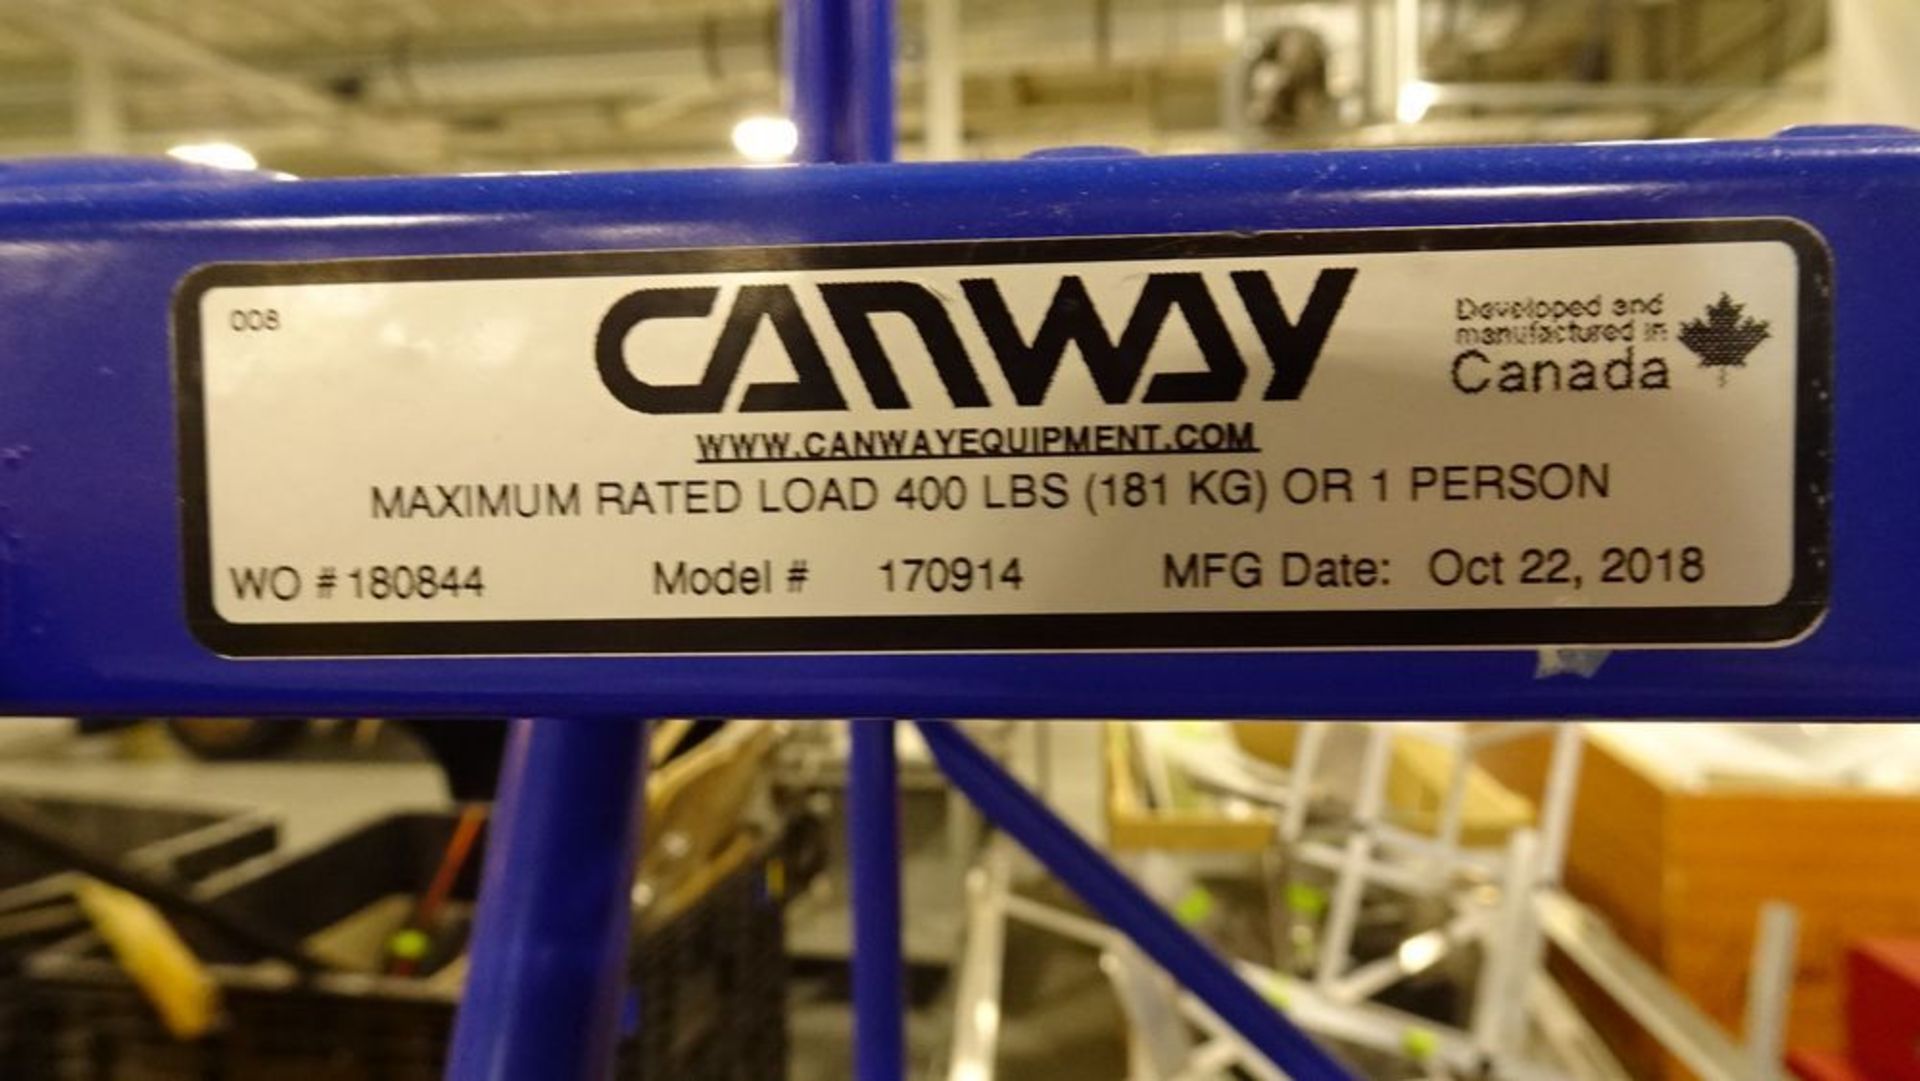 2018 CANWAY 170914 PORTABLE WAREHOUSE LADDER (REUTER) - Image 2 of 2
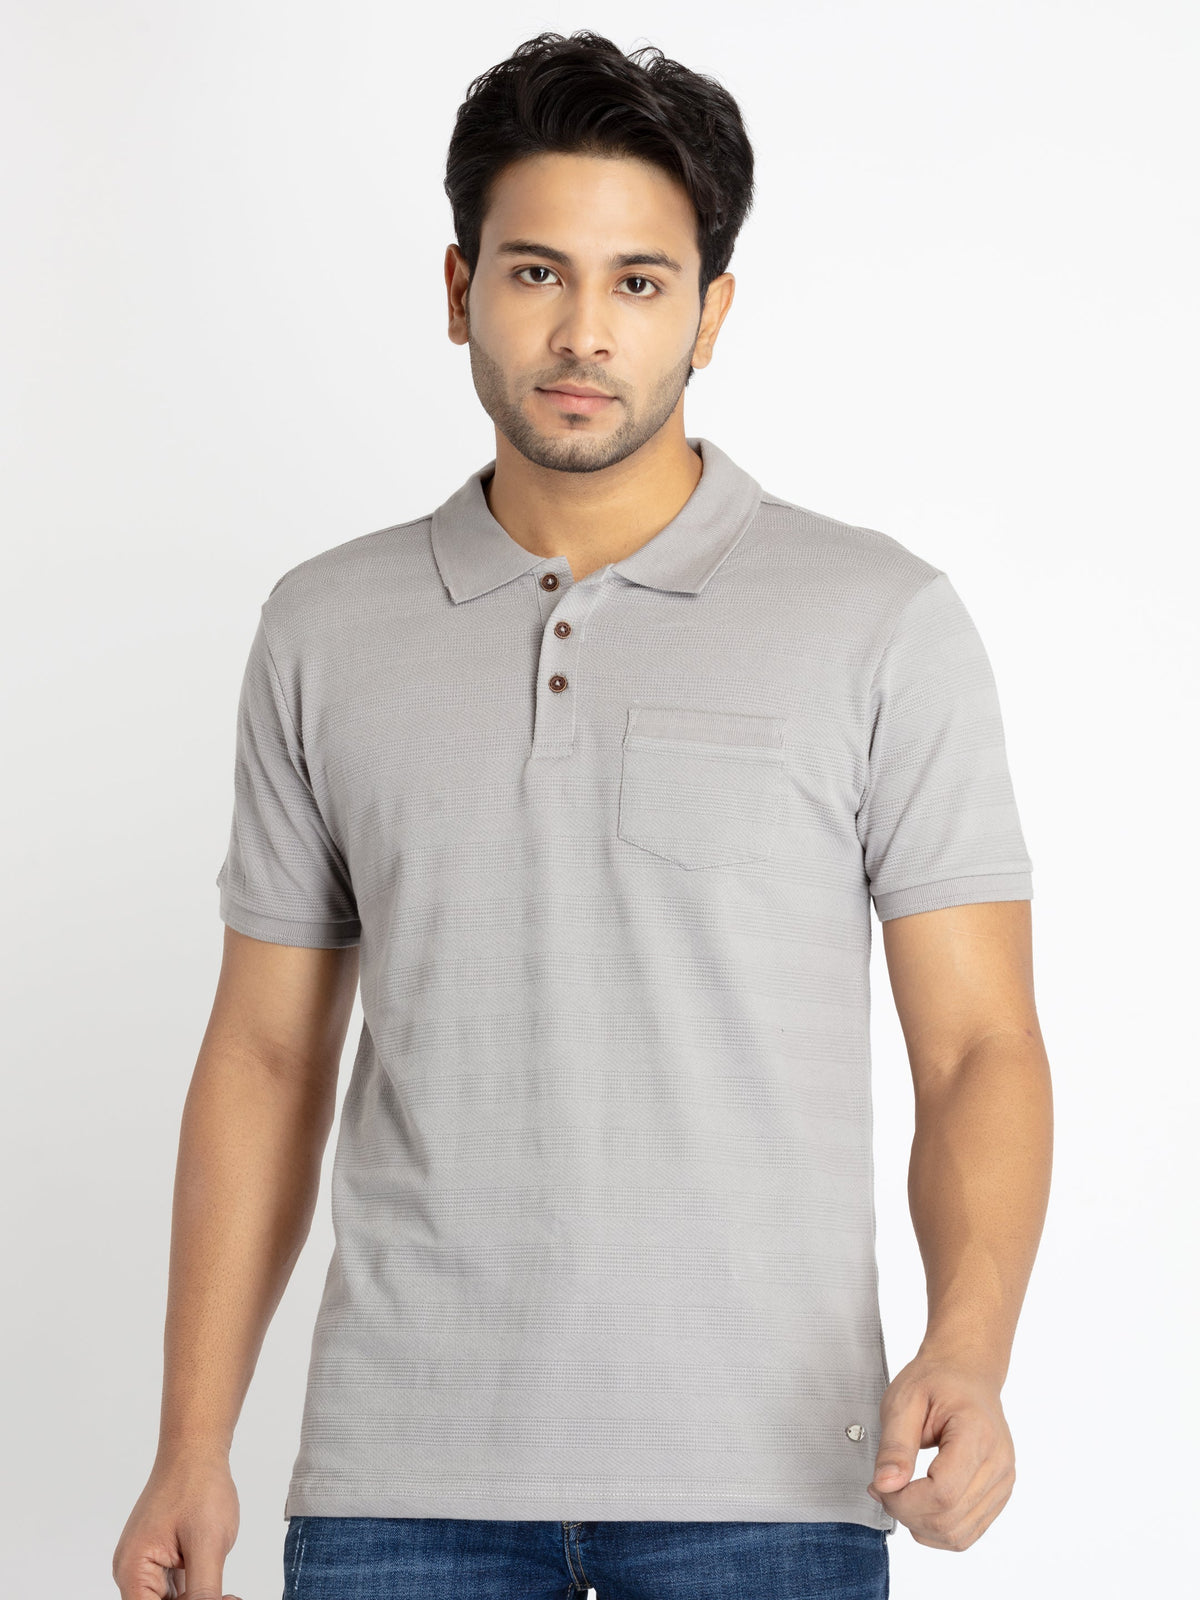 Solid polo t shirt
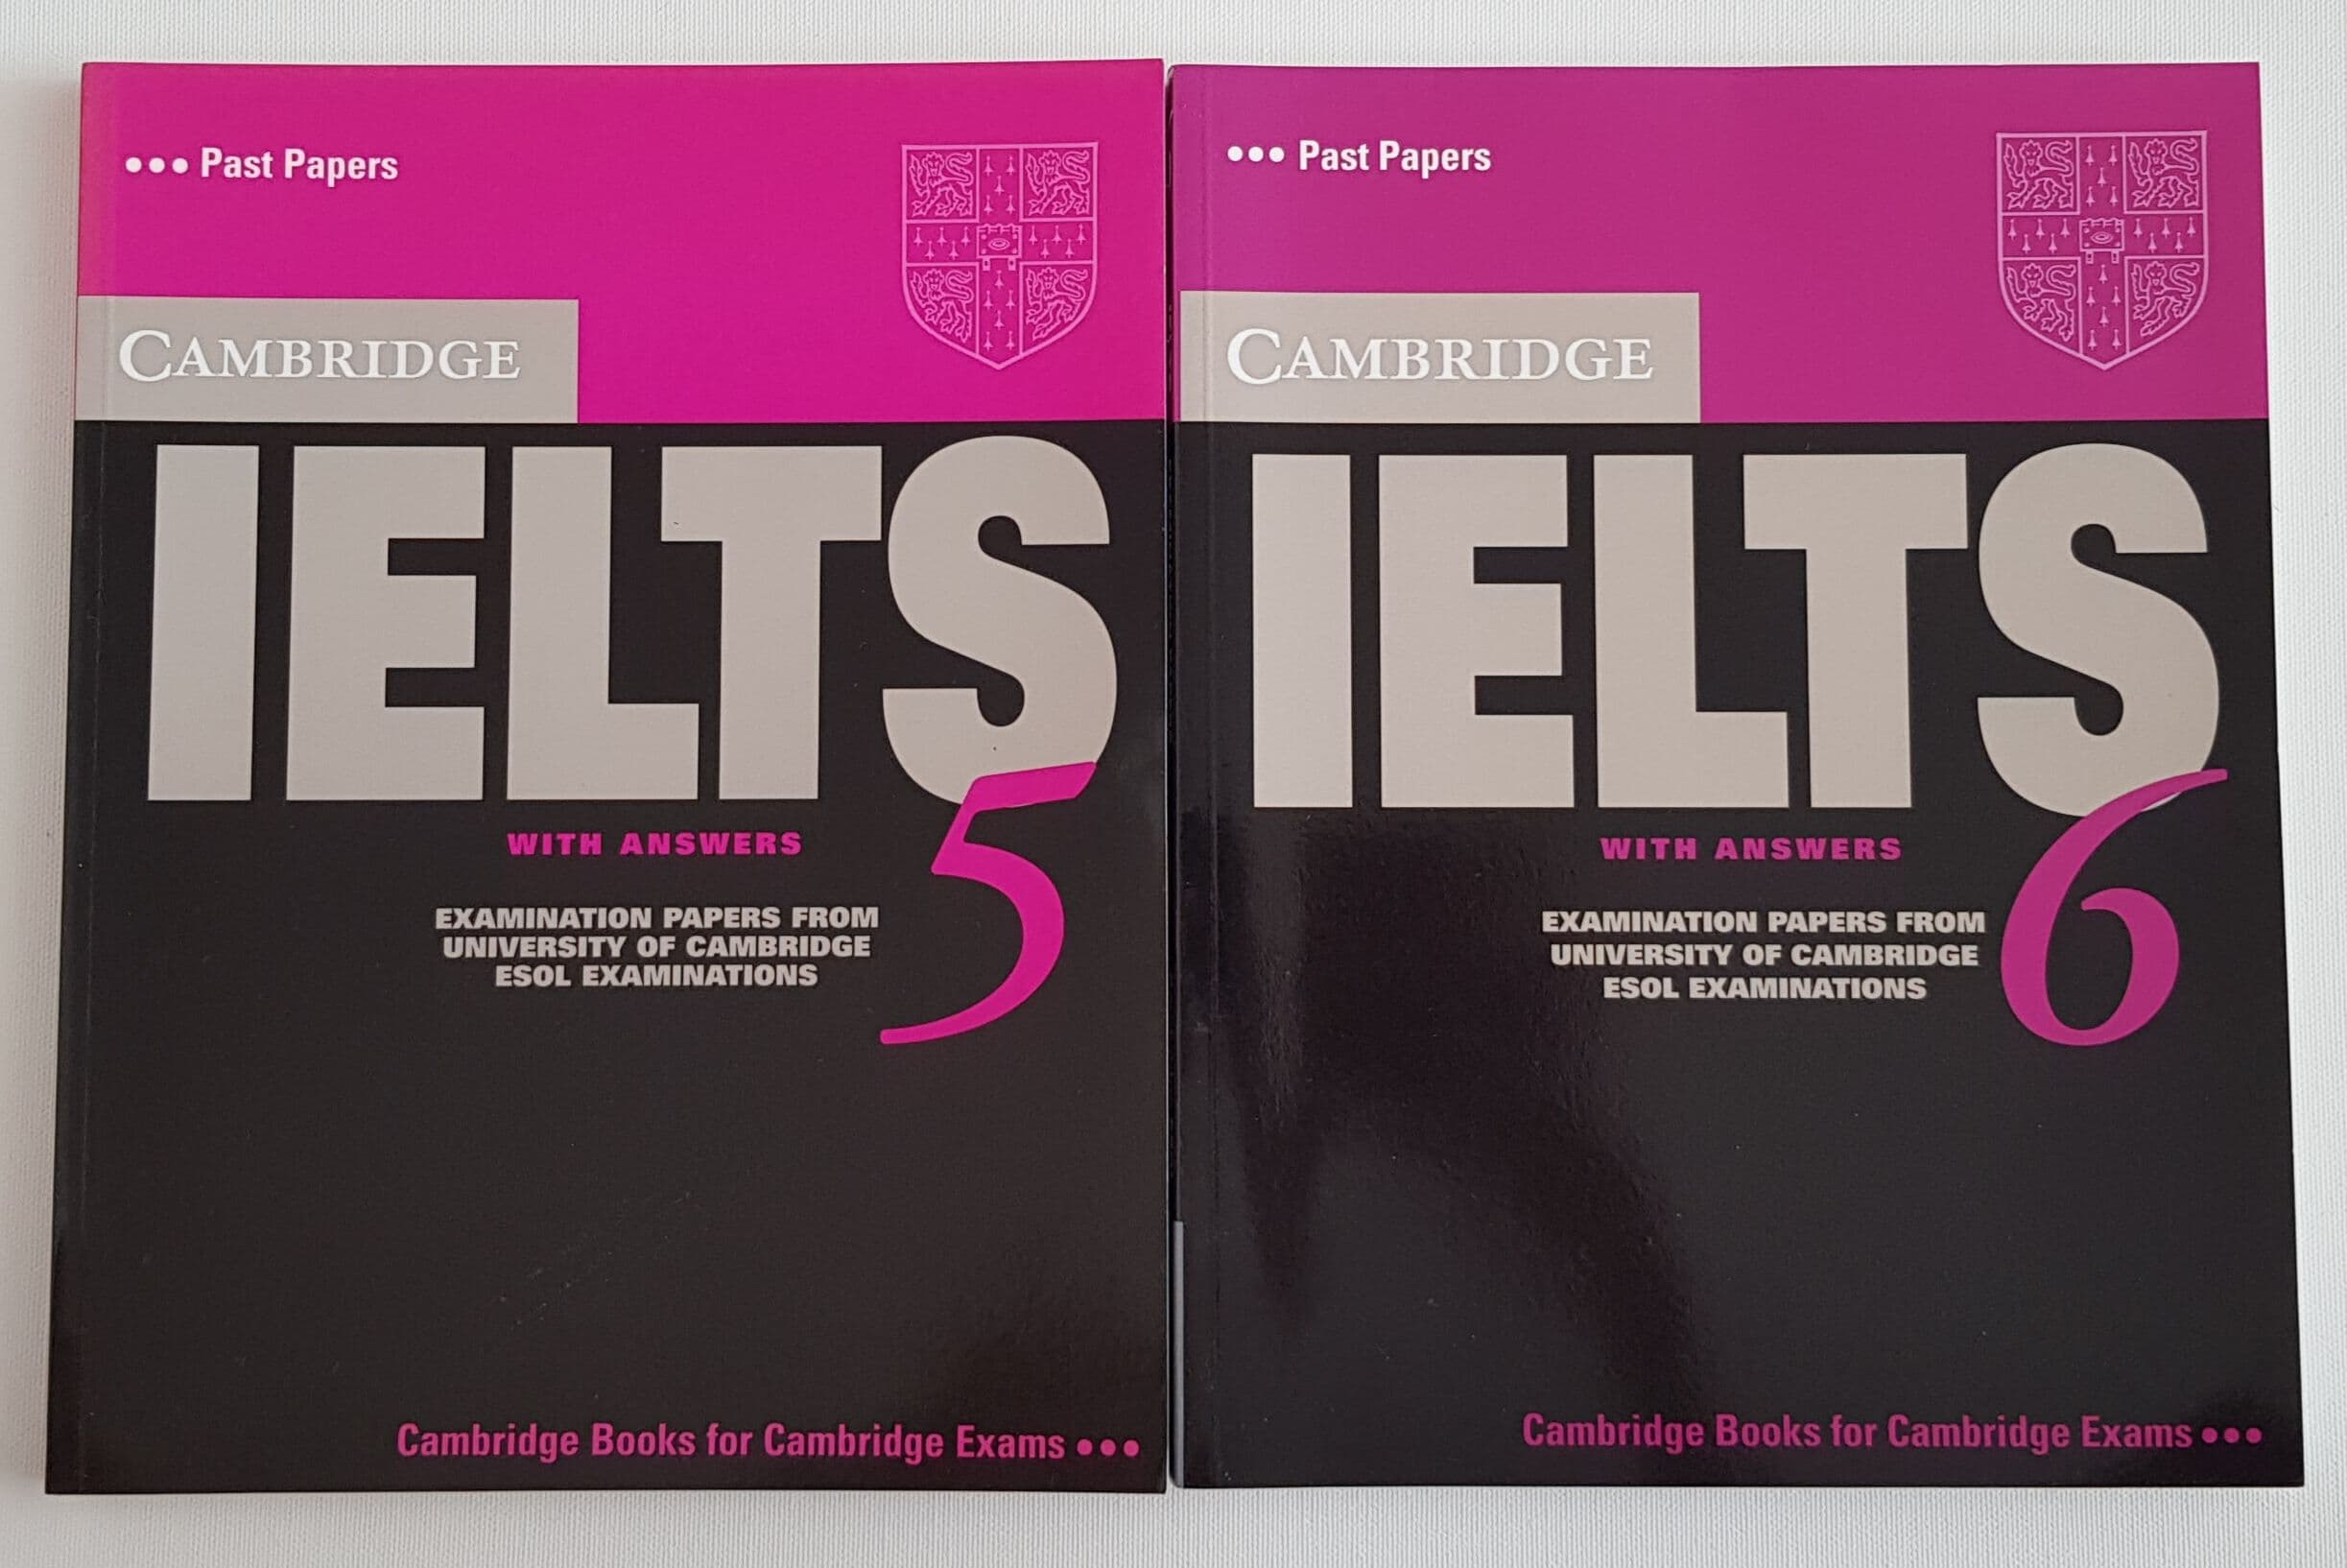 Cambridge IELTS 5 with answers/Past Paper

### Activity
Write out the data word for word. Any picture is to be skipped.

### Solution below
 2018 CANWAY 170914 PORTABLE WAREHOUSE LADDER (REUTER) - Image 2 of 2
 Solid polo t shirt
 Cambridge IELTS 5 with answers/Past Paper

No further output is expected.